The dialogue must also, as a matter of urgency address the worrisome democracy deficit within existing political parties. Political parties, the engine room of modern democracy, have been emasculated by the founding fathers. There have been no changes in the leadership of political parties as the founders see the parties as their personal property, and run them like their private kitchens. Officials elected on political party platforms must show “gratitude” to the founder by paying “royalties” to the party leader as obtains in the SDF, where MPs contribute FCFA 100,000 monthly for “the upkeep of the chairman”. In the ruling CPDM, the situation is even more pathetic; underlined by arbitrariness and imposition of candidates qualified as “consensus.” Internal democracy bothers on legitimacy, which inheres in the principle of consent. Therefore, it should be operationalized and consolidated to create space for free political competition within legitimate rules and institutions. Cameroon is replete with instances of contempt and absolute disregard for the rule of law by politicians, which accounts a great deal for the poor governance output and do-or-die politics.
Above all, the dialogue must also address the vexing issue of revenue allocation which has been a source of tension in the country, given that the Anglophone region produces over 60%, yet does not get back even 5% in terms of development projects and appointments into high public office. The main contention is resource control. An unencumbered federation should allow federating States to control their resources based on the principle of 100% derivation with taxes paid to the central government. Available statistics show that there is hardly any part of Cameroon without any natural endowment. States should have full control of whatever natural resources that they are endowed with by providence. This will obviate the overt no-man’s-land mentality with which the national patrimony is viewed and engender a new form of production relations in the country. Finally, the national dialogue must face the issue of corruption and the entrenched waywardness of politicians and public officials, who have conspired to bleed Cameroon into bankruptcy.

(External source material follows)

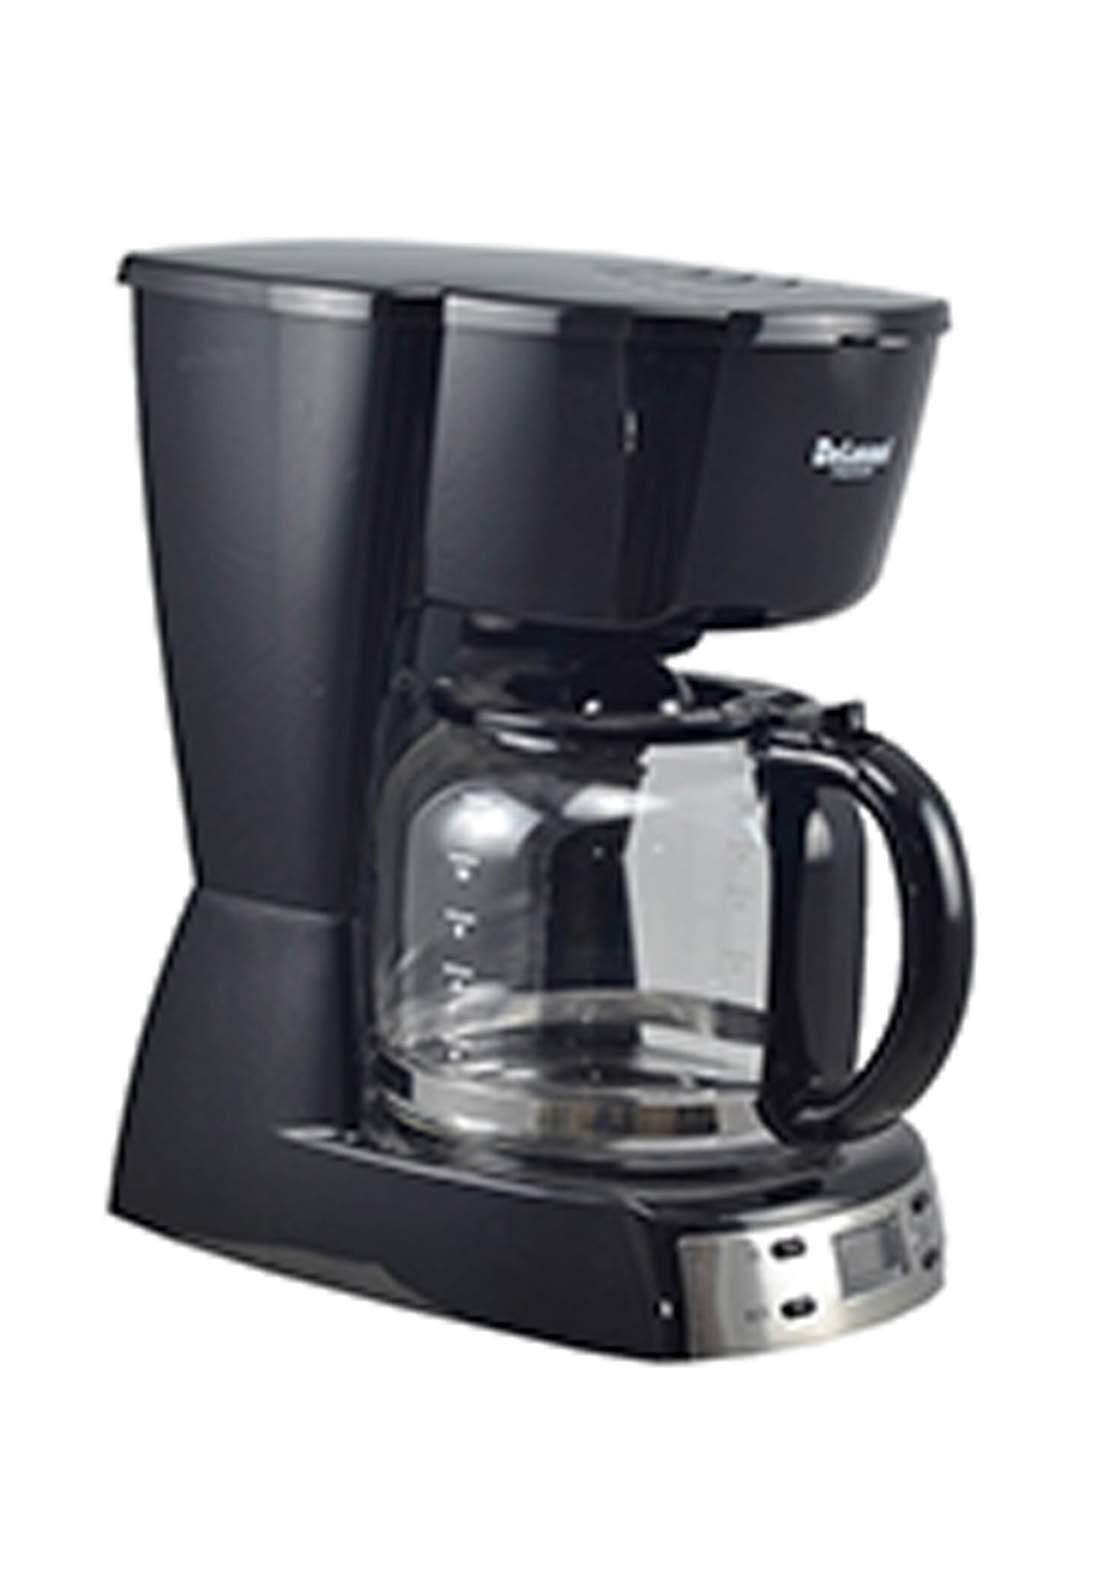 Delmonti  DL 655 Digital coffee maker  ماكنة صنع قهوة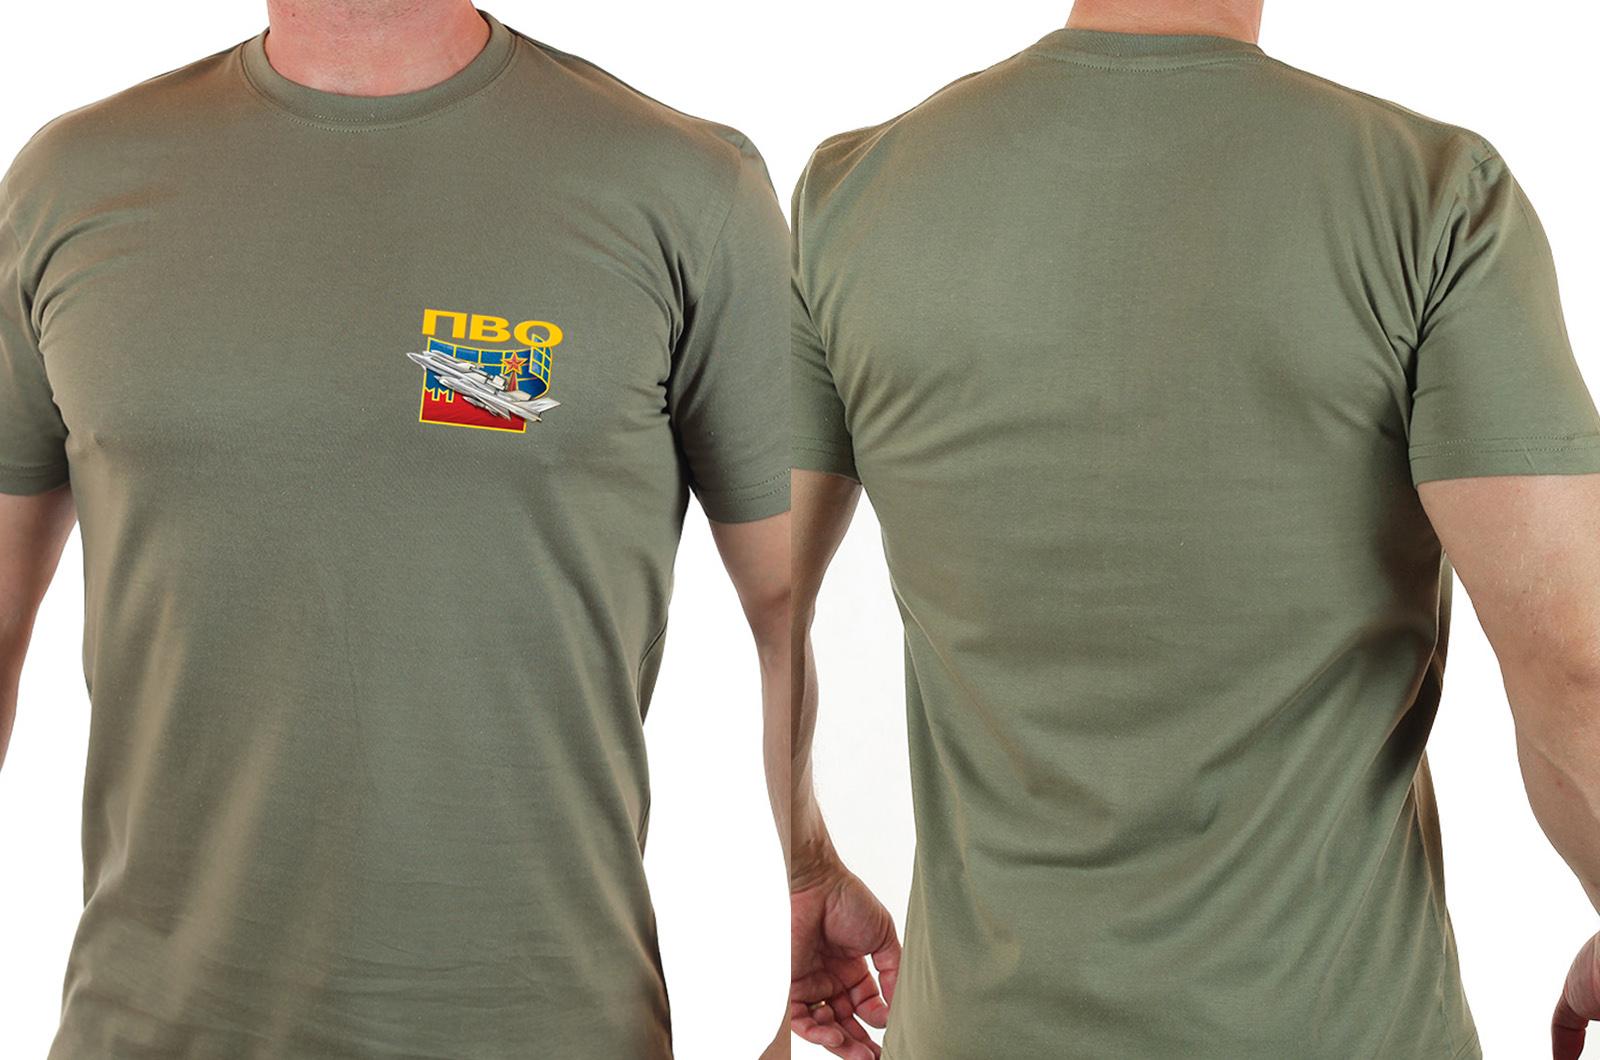 На страже неба! Мужская футболка-классика ПВО.

Lastly, it is simultaneously imperative that whatever new reforms emanate from the national dialogue be subjected to popular affirmation through a referendum. After many false starts, dashed hopes, and perennially low expectation, there is now need for Cameroon at 55, to seek a change of direction. The national dialogue must reset the agenda for the country to correct the contradictions in the polity; infuse hope and renewed sense of purpose in the citizens. A government is best remembered by the fundamental policies it enunciates, not by how long that government lasts. In theory and practice, it has been sufficiently demonstrated that sovereignty resides in the people and the very idea of a dialogue meets the expectation of Cameroonians. Cameroon can come out of such a forum a galvanized country, moving in a totally new direction, with emphasis on the interest of the Cameroonian people, not the temporary occupants of high offices.